▸ Problem description:
Leave every picture out, and print the full listing again exactly.

(Given material Opens)

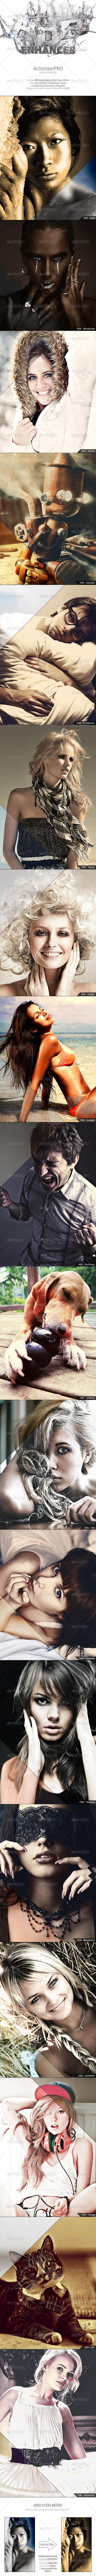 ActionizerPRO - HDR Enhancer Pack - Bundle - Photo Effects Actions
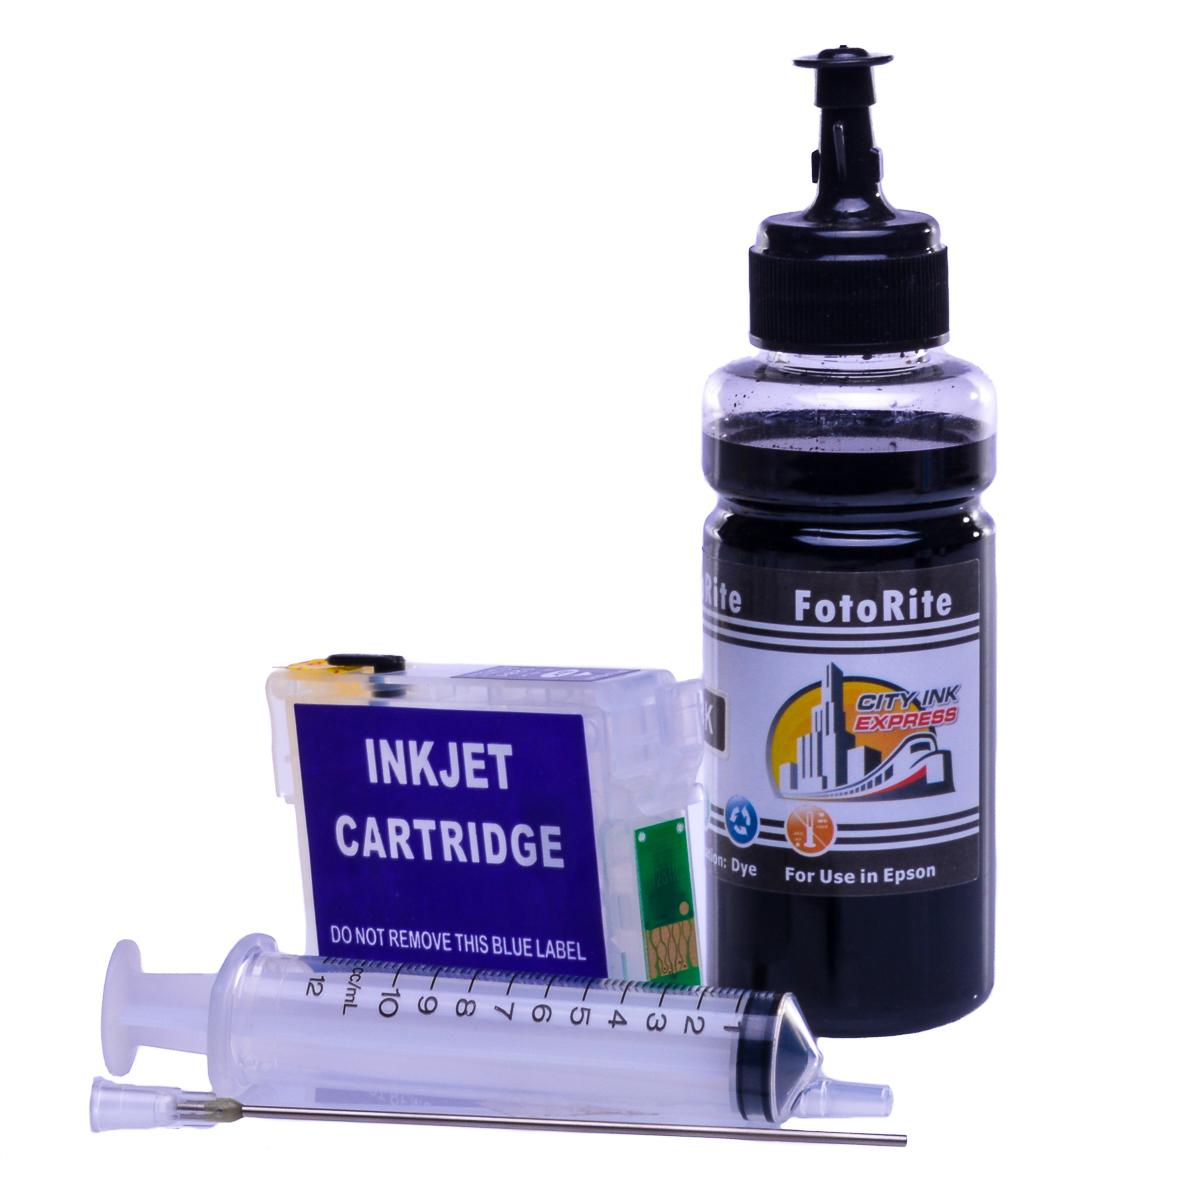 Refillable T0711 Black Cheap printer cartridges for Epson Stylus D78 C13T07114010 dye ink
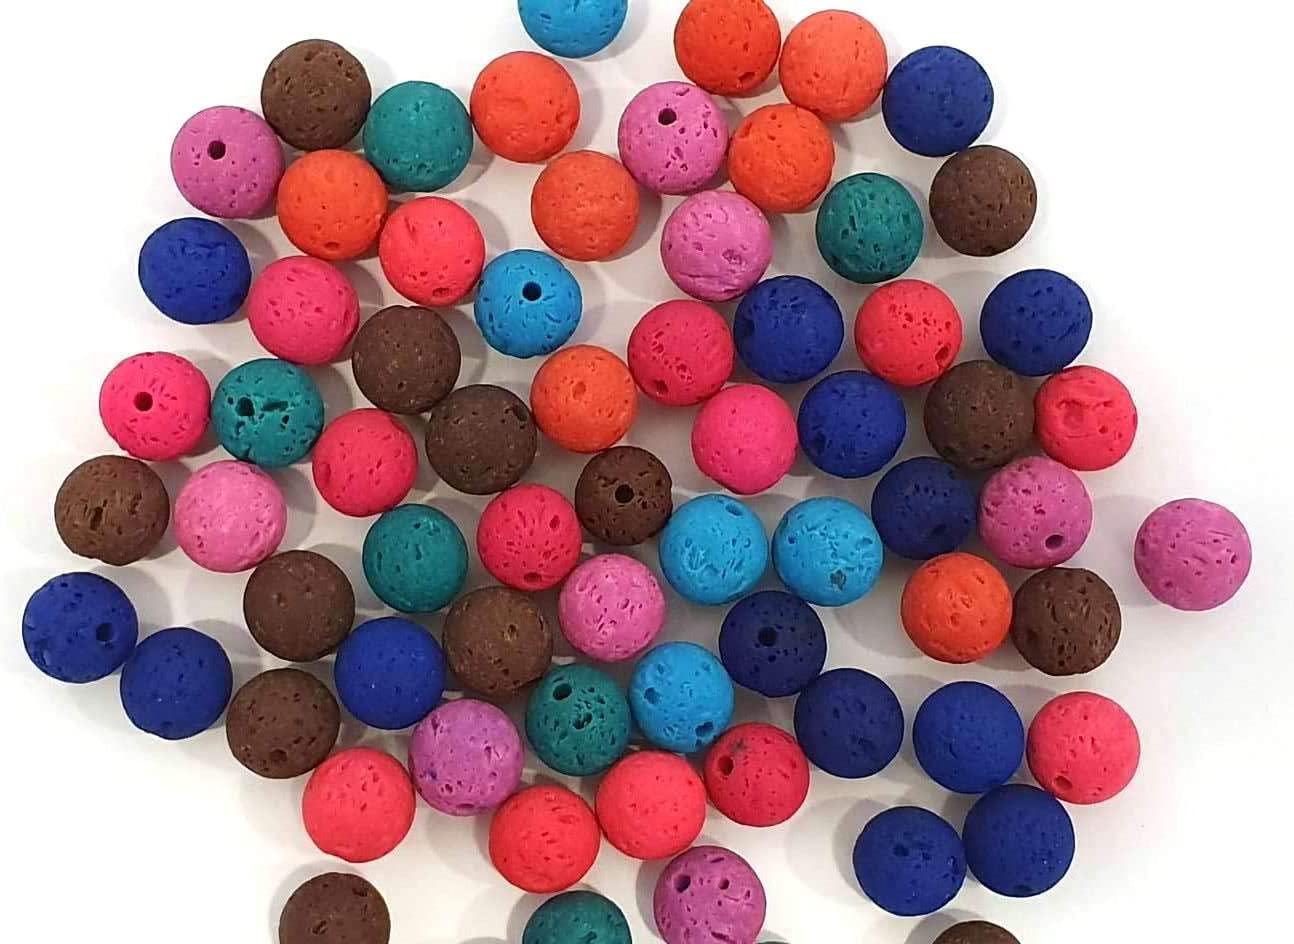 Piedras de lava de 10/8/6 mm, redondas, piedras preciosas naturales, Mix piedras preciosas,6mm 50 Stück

(Given material Closes)

▸ Your solution:
 ActionizerPRO - HDR Enhancer Pack - Bundle - Photo Effects Actions
 Refillable T0711 Black Cheap printer cartridges for Epson Stylus D78 C13T07114010 dye ink
 Piedras de lava de 10/8/6 mm, redondas, piedras preciosas naturales, Mix piedras preciosas,6mm 50 Stück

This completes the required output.